:: PROVIDED RECORDS
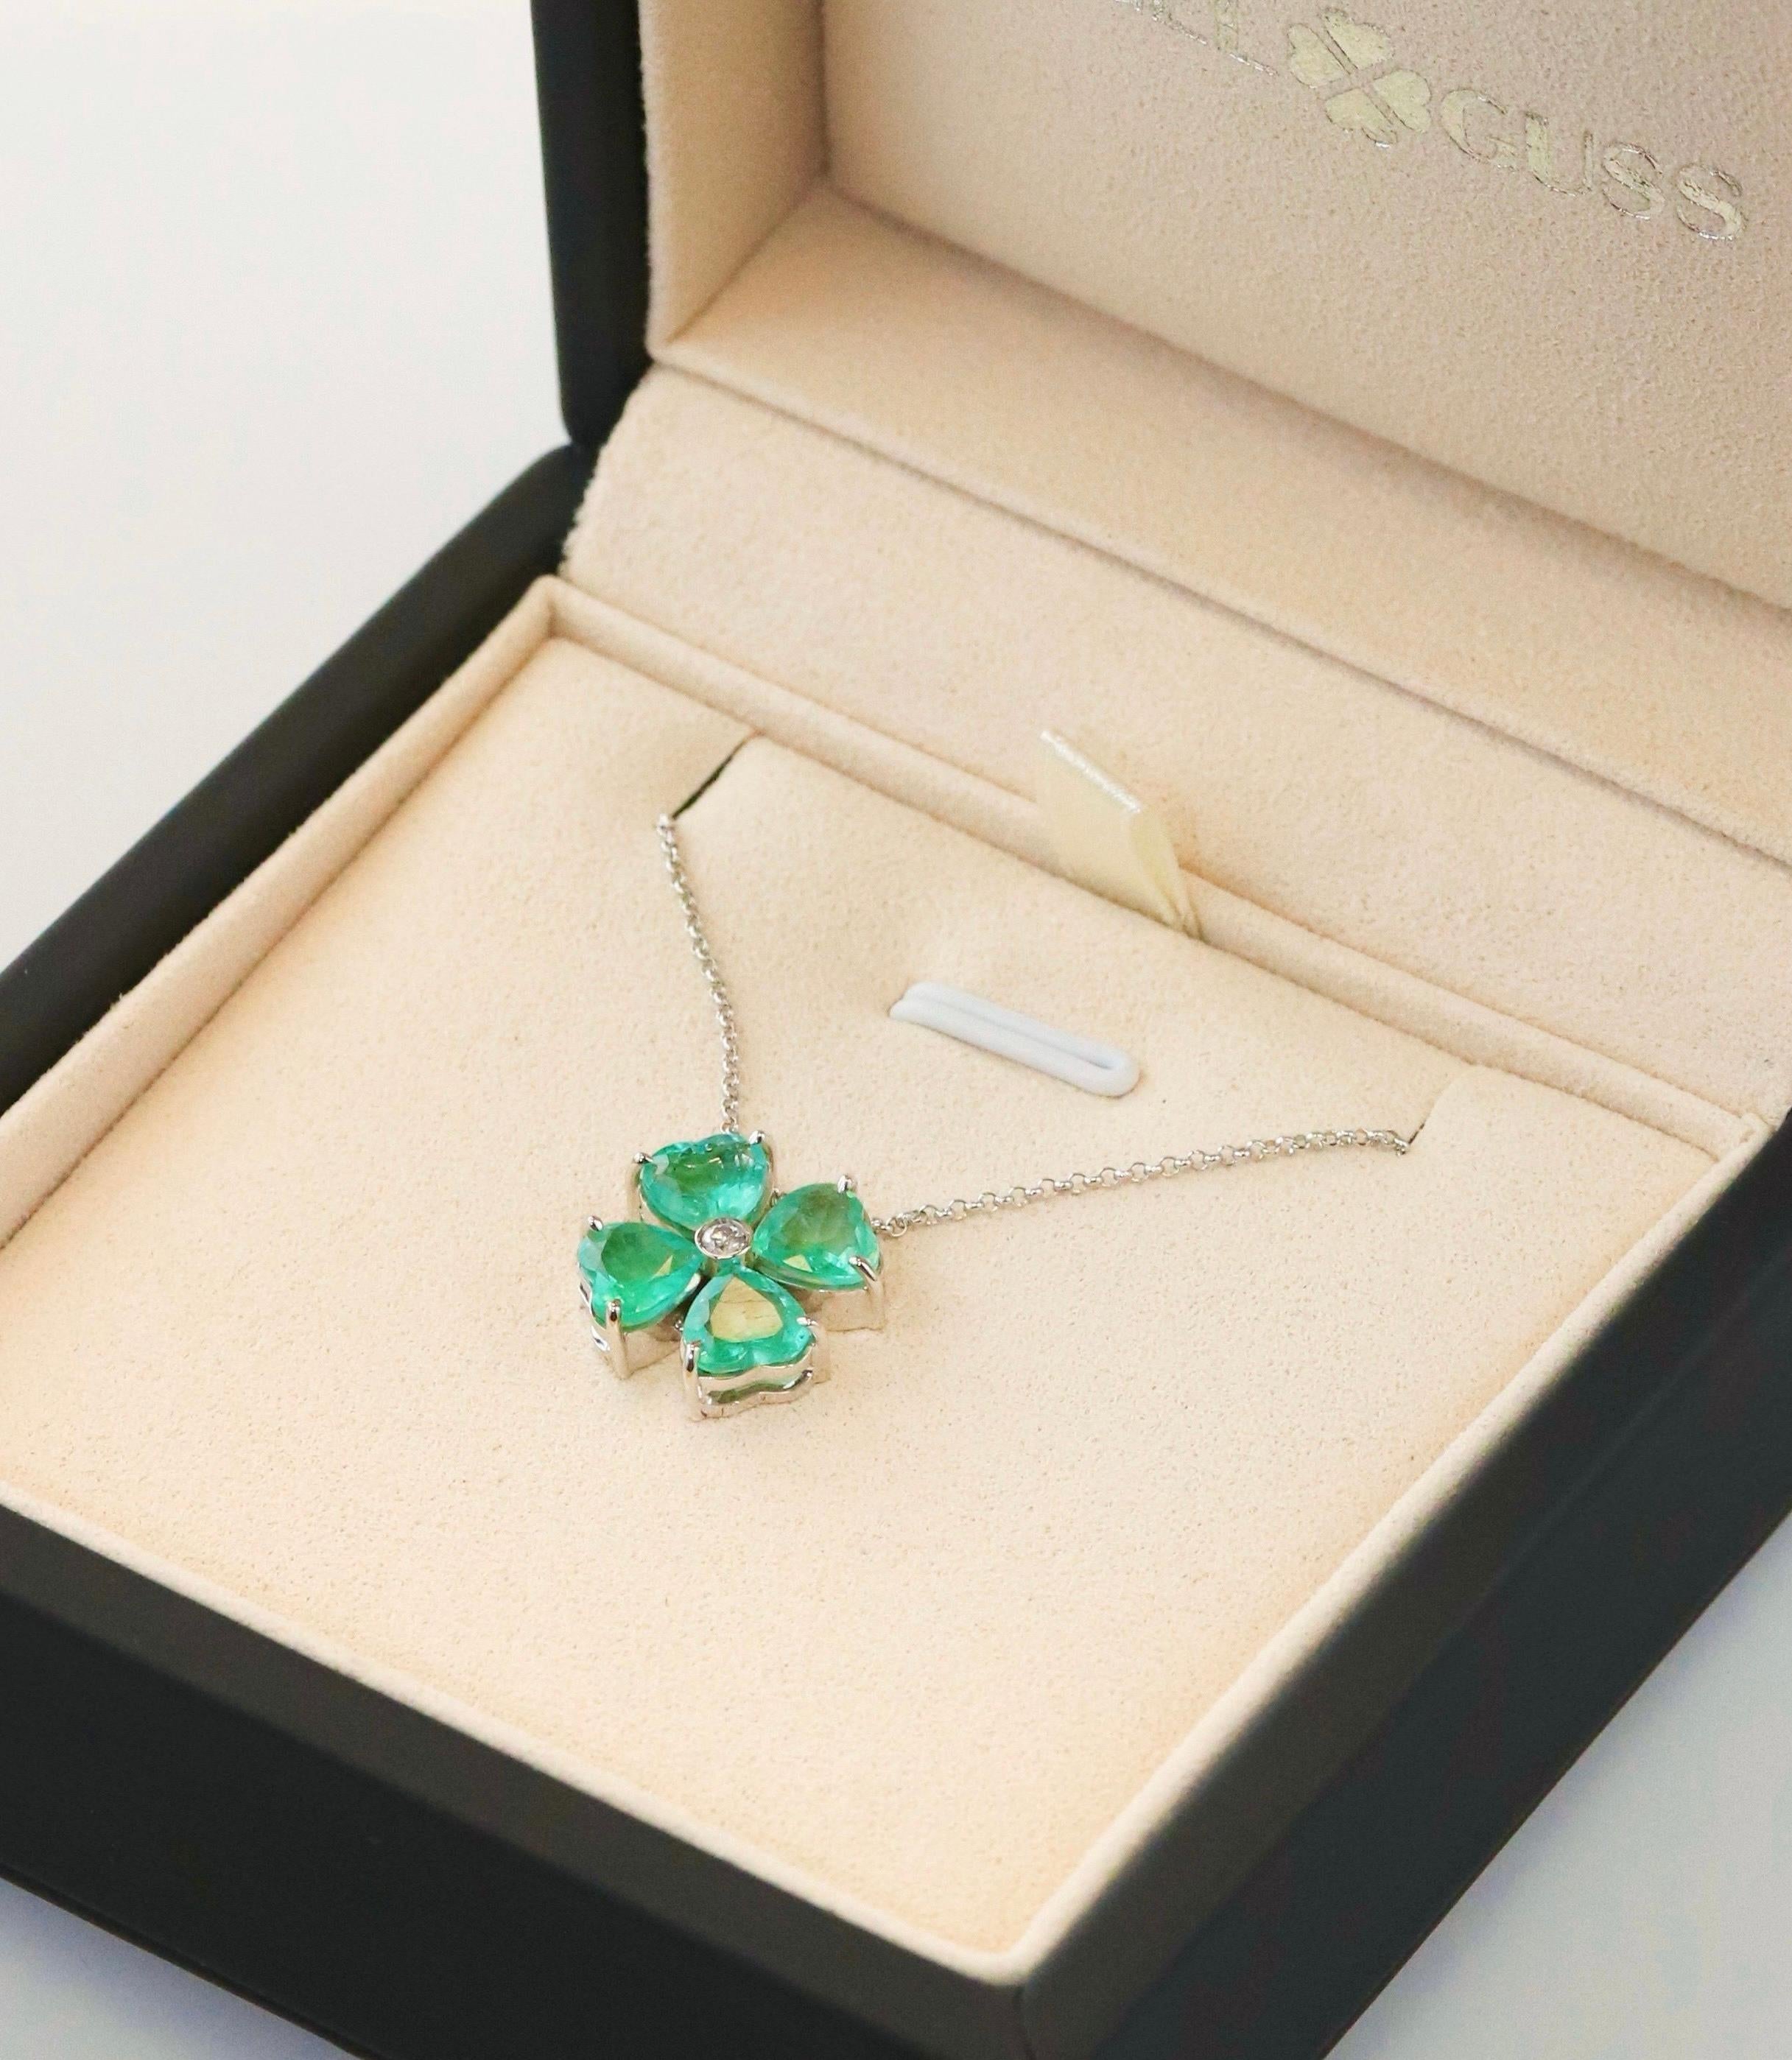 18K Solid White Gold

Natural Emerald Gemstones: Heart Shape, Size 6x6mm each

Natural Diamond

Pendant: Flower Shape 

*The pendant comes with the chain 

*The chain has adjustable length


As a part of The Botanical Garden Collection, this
::::
▶ YOUR ASSIGNMENT:
Please transcribe exactly the line containing "Natural Emerald Gemstones: Heart" and every line after it through the end of the records, and nothing else.

▶ RESPONSE FOR THIS EXERCISE:
Natural Emerald Gemstones: Heart Shape, Size 6x6mm each

Natural Diamond

Pendant: Flower Shape 

*The pendant comes with the chain 

*The chain has adjustable length


As a part of The Botanical Garden Collection, this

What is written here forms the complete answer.